## What you should do
Would you retype the listing below word for word, without any of its pictures?

## Collected material
Content starts

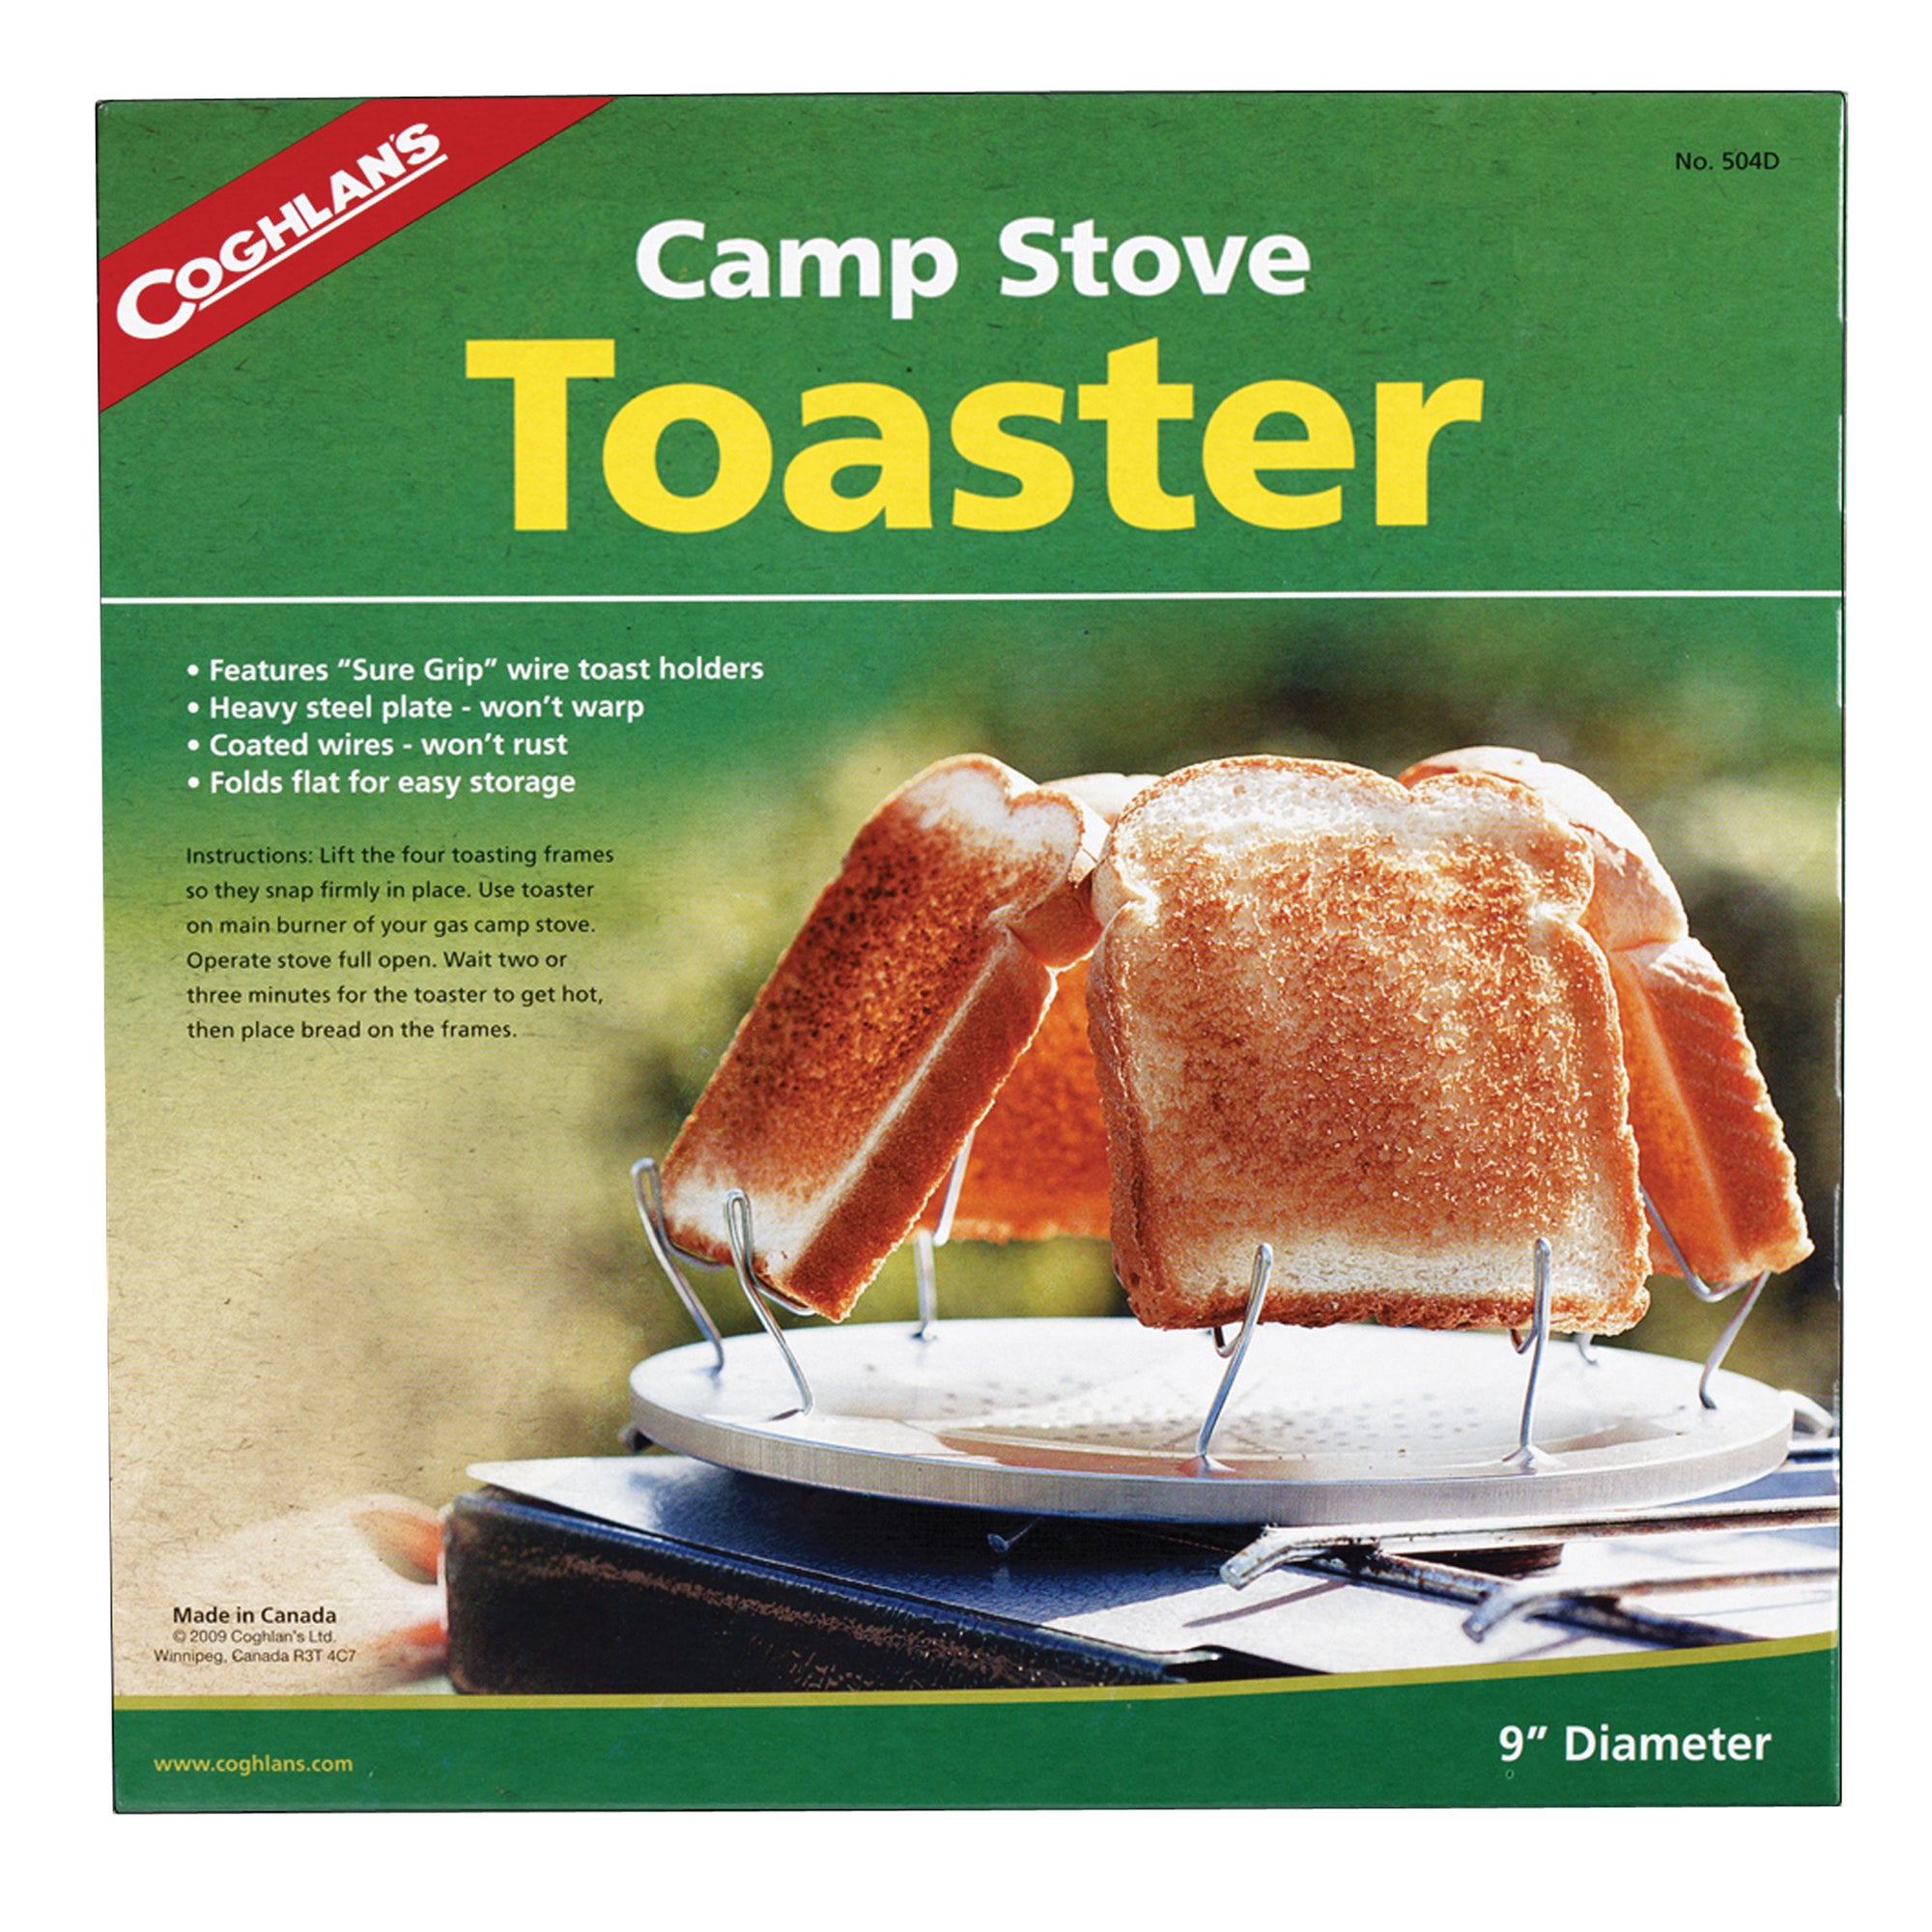 Coghlan's 504D Camp Stove Toaster
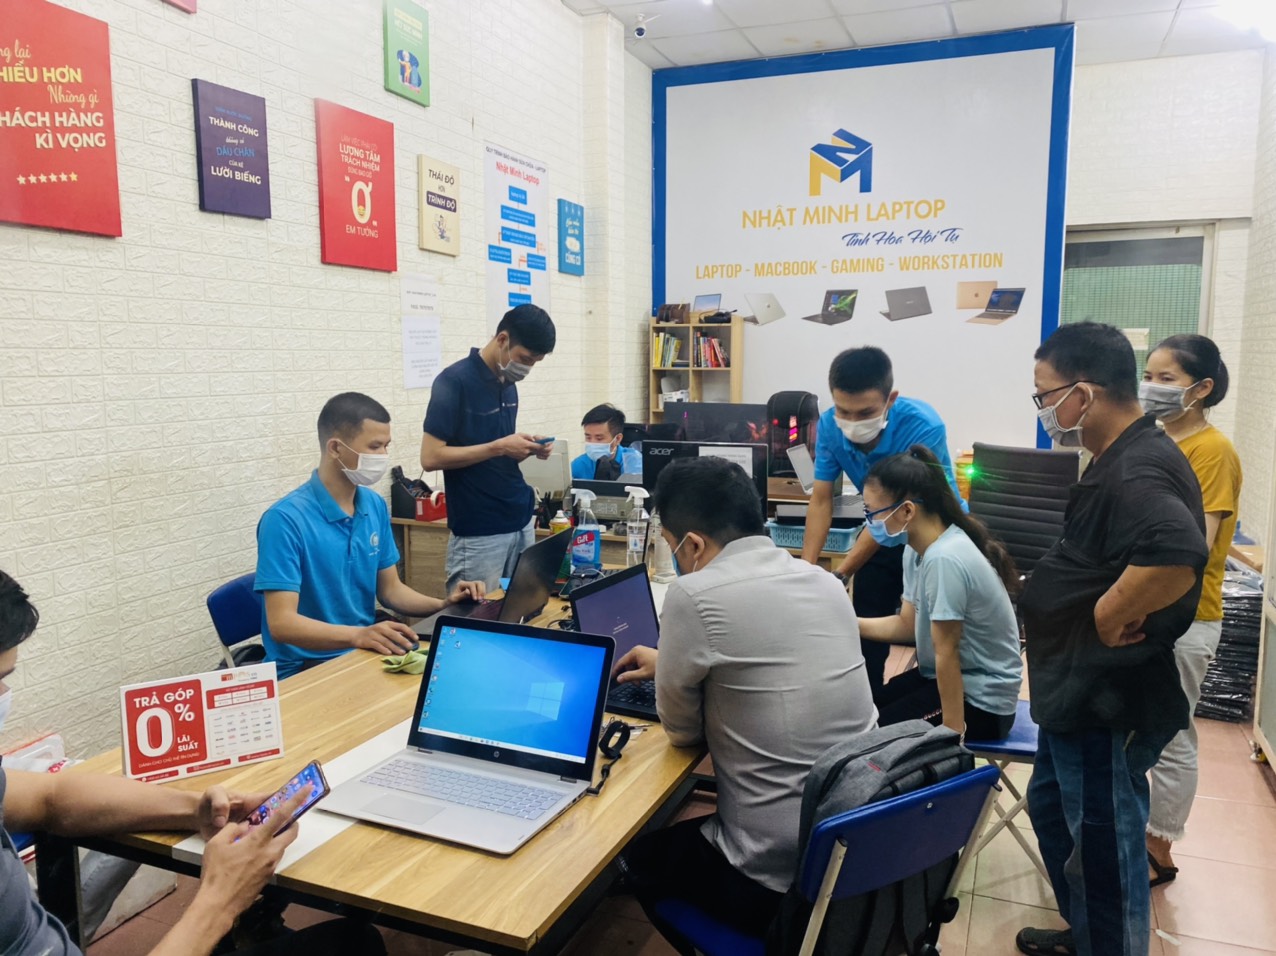 Nhật Minh Laptop Chuyên Laptop Cũ Giá Rẻ
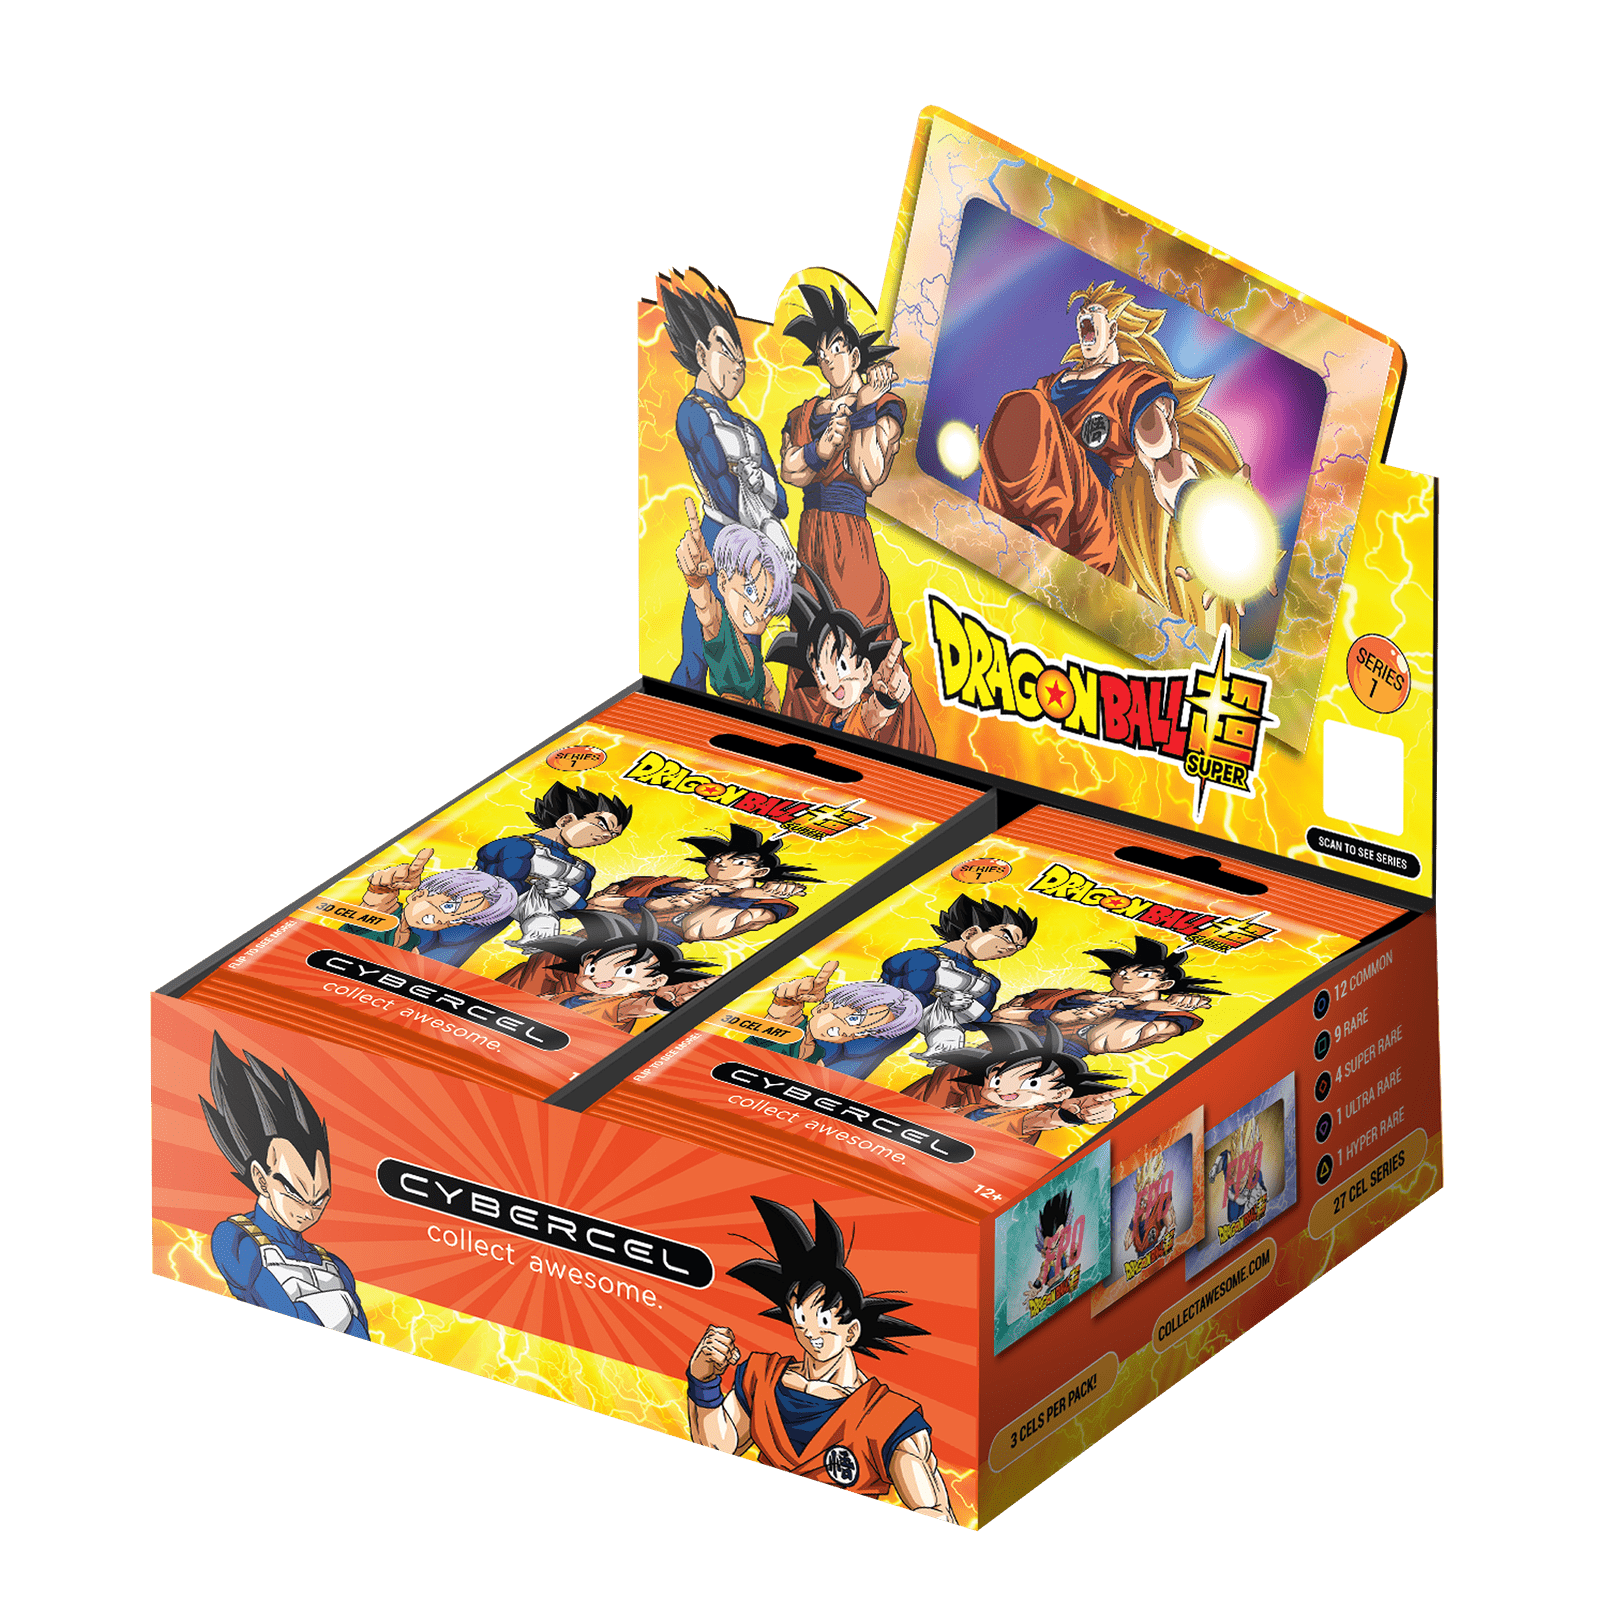 CYBERCEL TRADING CARDS - Dragon Ball Z - 1x Booster Box

Content ends

## Exercise output
 Coghlan's 504D Camp Stove Toaster
 Nhật Minh Laptop Chuyên Laptop Cũ Giá Rẻ
 CYBERCEL TRADING CARDS - Dragon Ball Z - 1x Booster Box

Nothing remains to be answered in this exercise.